Впрочем, ни Федора Тютчева, ни его молчаливого слуги-неаполитанца на «Корнелии» в этот момент уже не было — незадолго до выхода в море они спешно сошли с борта иностранного военного корабля, команда которого начала проявлять неуместное любопытство к дипломатическому багажу пассажиров. Причем покинули они корабль в исключительной тайне — так, что даже Элеонора, не говоря уже об иностранных послах и шпионах, которыми переполнено было в то время средиземноморское побережье, долго еще оставалась в неведении по поводу подлинного маршрута, которым отправился в Грецию из Триеста ее супруг.
На семнадцатый день пути, после отчаянной схватки со штормом и продолжительной вынужденной стоянки на Ионических островах, где «Корнелия» пережидала бурю, корвет бросил якорь в гавани Навплии — ровно через двое суток после того, как Федор Тютчев доложил российскому посланнику о своем прибытии…
— Будьте весьма осторожны.
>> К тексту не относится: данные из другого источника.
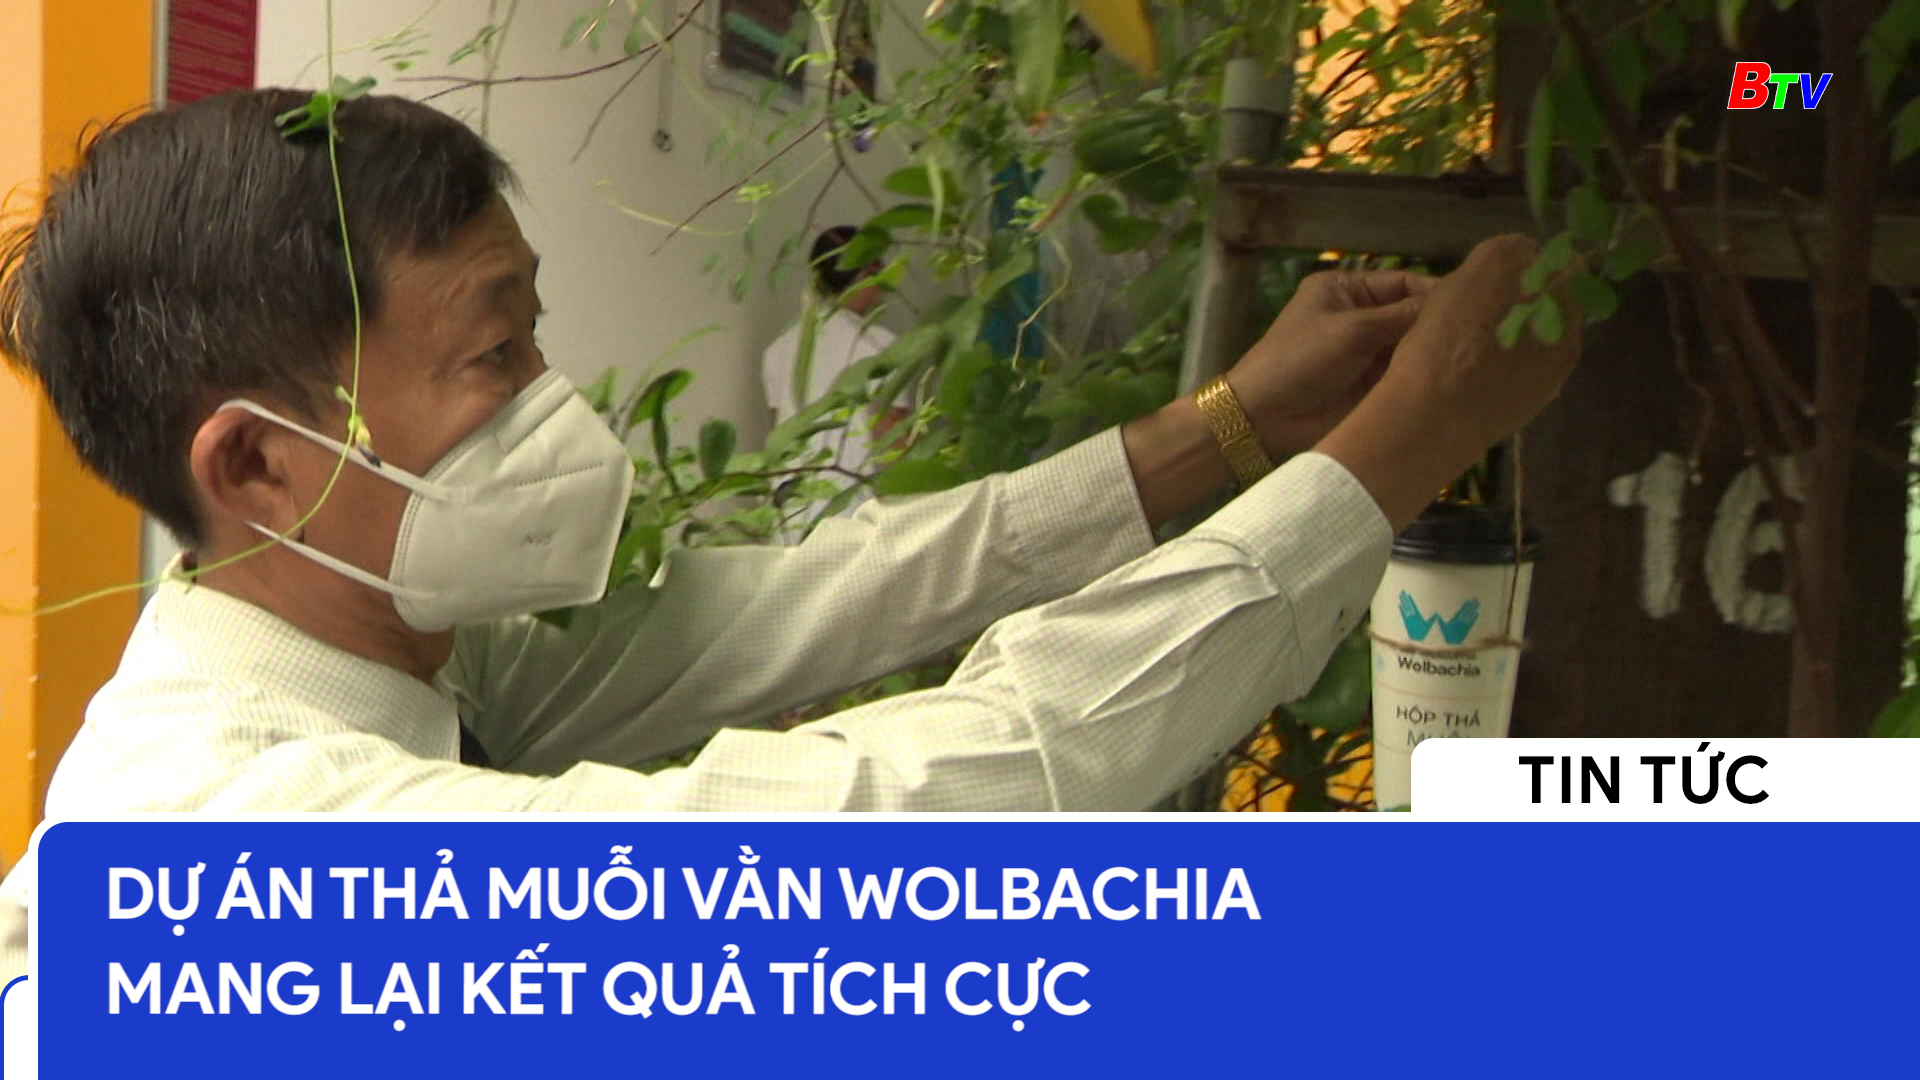 Dự án thả muỗi vằn WOLBACHIA mang lại kết quả tích cực

На какое-то время вам удалось ускользнуть от пристального внимания наших недоброжелателей, однако подобное положение никак не может продолжаться вечно… — Гавриил Антонович Катакази повернулся к собеседнику и немного понизил голос: — Мне вчера сообщили, что граф Армансперг приказал установить за вами наблюдение.
— Для какой же цели, позвольте поинтересоваться?
— Думаю, исключительно в интересах обеспечения вашей собственной безопасности, — улыбнулся посол, демонстрируя этим полное недоверие в отношении добрых намерений королевского регента.
— Запоздалая мера… — пожал плечами Федор Тютчев. — Скажите, ваше превосходительство, когда вы предполагаете передать письмо королю?
Еще в июле секретарь мюнхенской дипломатической миссии Тютчев через свои доверительные контакты при баварском дворе получил достоверную информацию о том, что правительство Франции стремится упрочить влияние на Балканах путем заключения брака юного греческого короля Оттона с одной из принцесс Орлеанского дома.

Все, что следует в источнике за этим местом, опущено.